The mechanism of delivery of lipids to the lysosome for LIPA-mediated hydrolysis is an ongoing area of interest. Although a recent report showed that lipid droplets could directly interact with lysosomes (43), autophagy nevertheless is a well-examined and currently the major mechanism for delivering lipid droplets into lysosomes (43–45). For example, Singh et al. have shown autophagy is required for lipid droplet breakdown in hepatocytes (14). Adipose-specific ATG7 knockout mice had lower plasma FFA and glycerol levels on the nonfasting baseline and isoproterenol-stimulated condition (46). In addition, chaperone-mediated autophagy has been shown to participate in lipolysis by targeting perilipin 2 and 3, a family of lipid droplet–associated proteins, to precede lipolysis (47). However, autophagy also mediates degradation of numerous other cellular cargo, such as dysfunctional mitochondria, which may also contribute to these phenotypes. Indeed, one such study demonstrated adipocyte-specific deletion of 2 other autophagy genes, ATG3 and ATG16L, both resulting in accumulation of dysfunctional mitochondria (48). This was shown to drive increases in lipid peroxides loaded in low-density lipoprotein, resulting in hepatic insulin resistance along with mild defects in thermogenesis. At present, it remains difficult to determine the relative contributions of defective lipolysis versus accumulation of dysfunctional mitochondria to the complex metabolic phenotypes observed with adipocyte-specific autophagy deficiency. Although we have demonstrated the fundamental role of adipocyte lysosomal lipolysis in lipid homeostasis, basic mechanisms mediating truly selective targeting of lipid droplets for lipophagic degradation remain poorly defined (38) and developments in this area will enable further study of the physiological roles of lipophagy in adipocytes.

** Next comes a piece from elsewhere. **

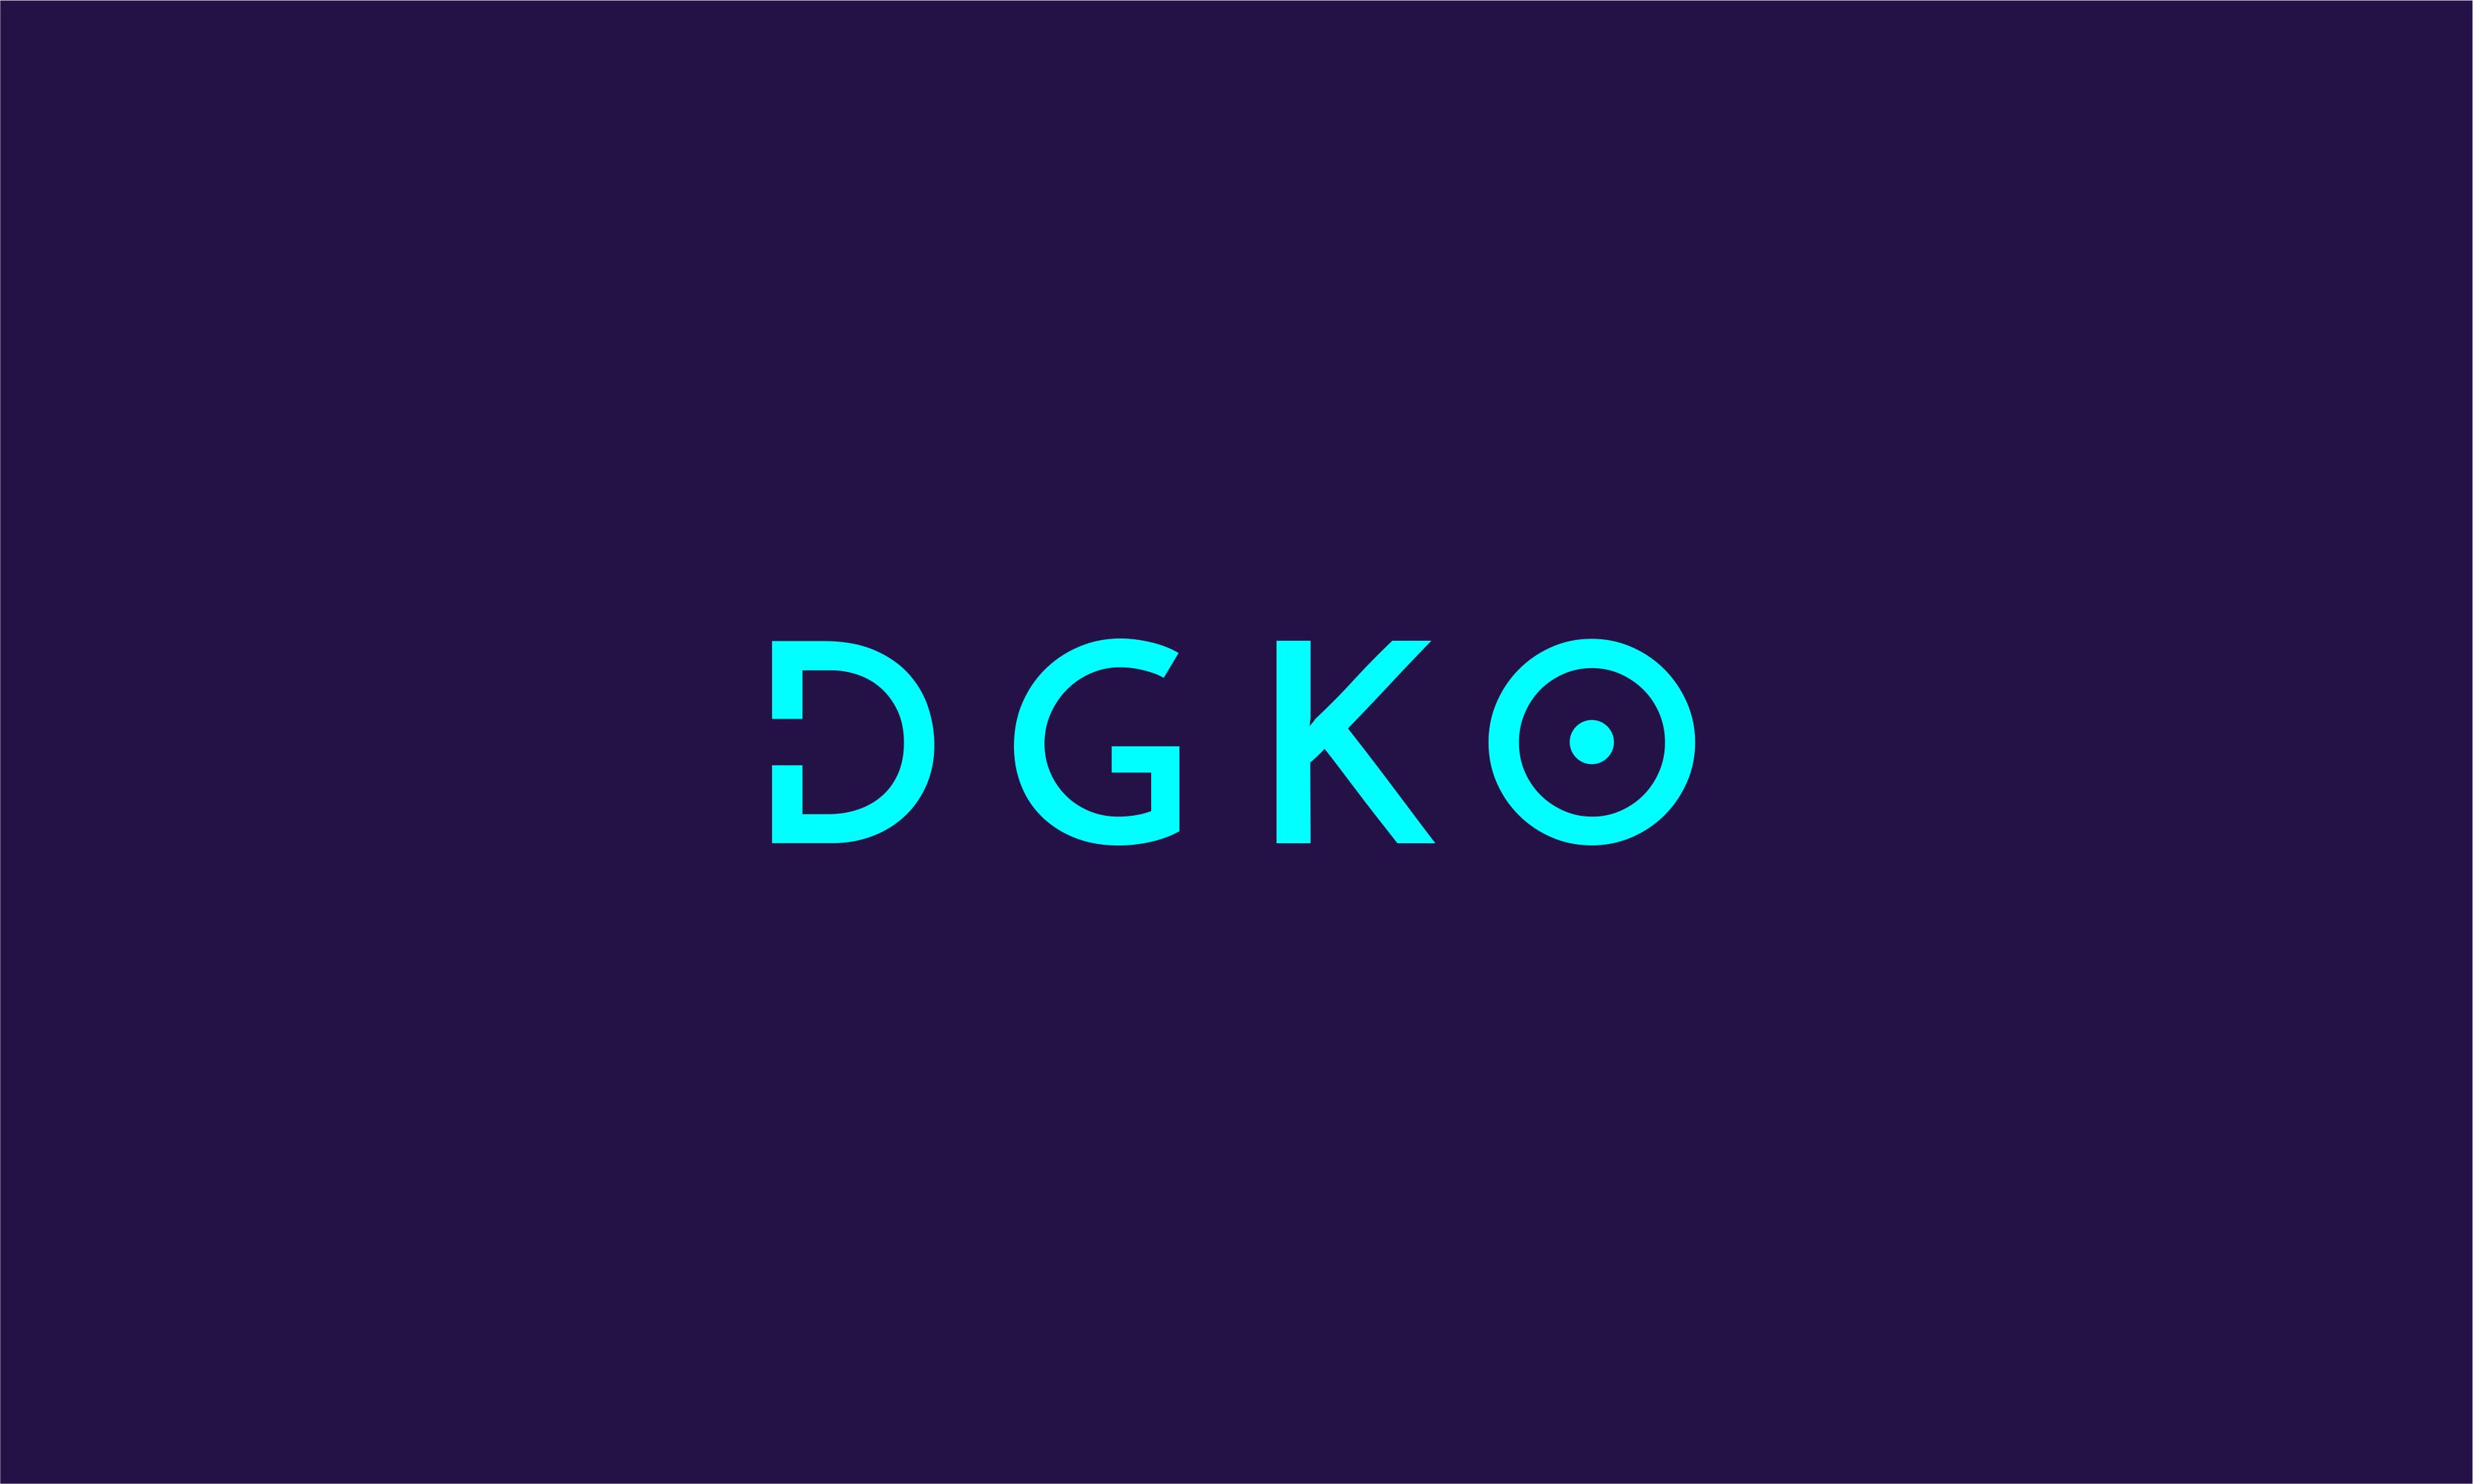 dgko logo

Beyond its roles in TG hydrolysis, LIPA is also crucial for cholesterol ester hydrolysis in the lysosome (19, 49). One recent study observed that adipocyte-specific LIPA overexpression in mice could reduce adipose lipid accumulation, but induced only modest and nonsignificant increases in TG lipolysis in the studied model (50). While we demonstrated the essentiality of LIPA for full adipocyte TG lipolysis, the lack of major increase with overexpression in that study may be due to a requirement for upstream increases in TG delivery, as well as more than a mild increase in LIPA expression achieved with the transgenic model to fully harness the potential. This study also posited the impact of free cholesterol generation and consequent sterol regulatory element-binding protein regulation and steroidogenesis as important roles for LIPA in regulating adipocyte phenotype. While these changes could plausibly explain some metabolic phenotypes, we observed acute effects of lalistat-2 on TG lipolysis that are unlikely to be dependent on transcriptional regulation as well as cell-intrinsic reductions in TG lipolysis, which were highly consistent with lalistat-2 inhibition or LIPA deficiency in several models. Future studies might delve more in depth on the impact of lysosome-generated FFA on transcriptional regulation of mitochondrial and metabolic genes, along with the potential for LIPA-generated FFA to participate in TG-FFA cycling (51) or direct UCP1 activity regulation (52) relevant to thermogenesis. Overall, by using several models of pharmacological and genetic ablation of LIPA in adipocytes, we have demonstrated crucial roles for this enzyme in mediating adipocyte lipolysis and that it impacts thermogenesis, fasting, and the development of obesity, sparking further study of how this process occurs and might be harnessed to better understand disease.
Sex as a biological variable. Our study predominantly focused on male mice, as the hormonal fluctuations associated with the estrous cycle in females could influence systemic lipid metabolism (53, 54). Nevertheless, we also performed key lipolysis experiments in female mice, which recapitulated the results observed in males. These findings suggest that the contributions of lysosomal lipolysis in adipose tissue are relevant to both sexes.
Animals. Five-week-old C57BL/6 male mice were purchased from the Jackson Laboratory. All mice were housed at 23 ± 1°C and maintained on a 12-hour light/12-hour dark cycle. In all of the experiments, mice were fed a commercial chow diet (Purina 5053) until 8 weeks of age, and then the mice were randomly divided into groups for experiments. Lipa-floxed mice were provided in house (36).
Strategy and generation of A-Lipa and TA-Lipa KO mice. Adipoq-Cre BAC and Adipoq-icre/ERT2 transgenic mice (RRID: IMSR_JAX:010803 and 025124) were purchased from Jackson Laboratory. Adipoq-Cre BAC and Adipoq-icre/ERT2 transgenic mice, in which classic or tamoxifen-inducible codon-improved Cre recombinase is specifically expressed in adipose tissue, were bred with homozygous-floxed Lipa mice (Lipafl/fl) to generate Lipafl/+ Cre+ or Lipafl/+ iCre/ERT2+ progeny. These mice were then backcrossed to Lipafl/fl mice. Lipafl/fl Cre– (control) and Lipafl/fl Cre+ (A-Lipa KO) or Lipafl/fl iCre/ERT2+ mice (TA-Lipa) were further used for experiments or generating their progeny.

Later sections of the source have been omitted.